Indeed, analysts predict a lengthy timeline. Research by Moody’s Investors Service, for instance, concluded that implementing post-quantum cryptography across all affected devices “will be long and costly,” potentially on the order of 10 to 15 years due to operational hurdles. U.S. officials have similarly estimated that widespread adoption of new quantum-resistant cryptographic standards could take well over a decade. Such projections dwarf the ACSC’s diagram that suggests wrapping up the transition by 2030. Large enterprises – especially those with complex, global IT estates – typically need significant time to inventory their cryptographic usage, remediate or replace systems, and manage the risks of such a profound change. It’s telling that the Moody’s report likened the PQC migration to the Y2K remediation effort in scope. Like Y2K, this transition will require concerted effort and investment over years to retrofit and secure countless systems.
To be fair, the ACSC guidance acknowledges that its 2030 target includes contingencies and that organizations should account for internal delays or obstacles. The intent is likely to set a bold but clear goal to galvanize action, rather than a hard-and-fast rule for every situation. For many organizations, 2030 may serve as an aspirational deadline to motivate progress. However, treating 2030 as a one-size-fits-all “finish line” could be risky. Enterprises that discover they cannot replace all cryptographic components in time should not despair or give up – instead, they should prioritize wisely (as ACSC advises) and tackle the most sensitive or hard-to-fix areas first. Critical data with long-term confidentiality needs and systems that will take the longest to upgrade (due to their complexity or vendor dependencies) should be at the front of the queue. Less critical or easily upgradable systems can follow. This phased approach ensures that even if the full transition extends beyond 2030, the highest risks are addressed early, and the organization’s most valuable assets remain protected.

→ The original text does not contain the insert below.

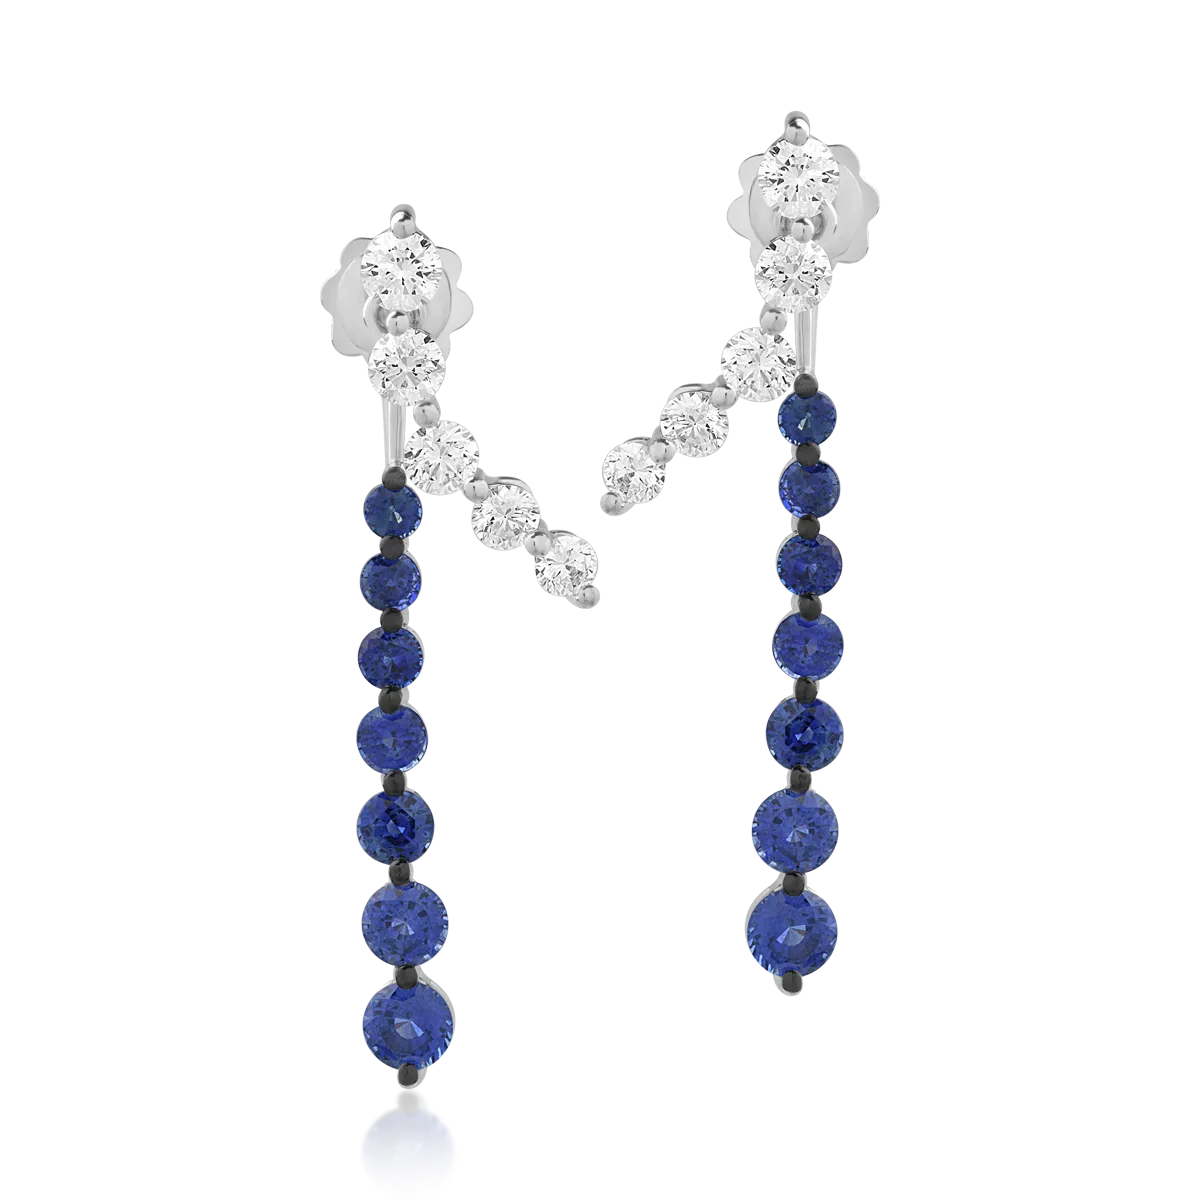 18K white gold earrings with 3.04ct sapphires and 1.43ct diamonds

In summary, Australia’s ACSC deserves credit for elevating post-quantum cryptography on the national agenda and providing practical guidance to get started. Their message aligns with global expert opinion: don’t wait for the quantum threat to become imminent; begin your preparations now. At the same time, it’s important to approach the timeline with realism. Two years is unlikely to be sufficient for large enterprises to complete a PQC overhaul, so leaders should plan for a longer journey. By setting interim goals (like ACSC’s 2026 and 2028 milestones) and securing executive support, organizations can make steady progress toward quantum resilience. The key is to start the transition early, plan thoroughly, and be prepared to adapt as technology and threats evolve.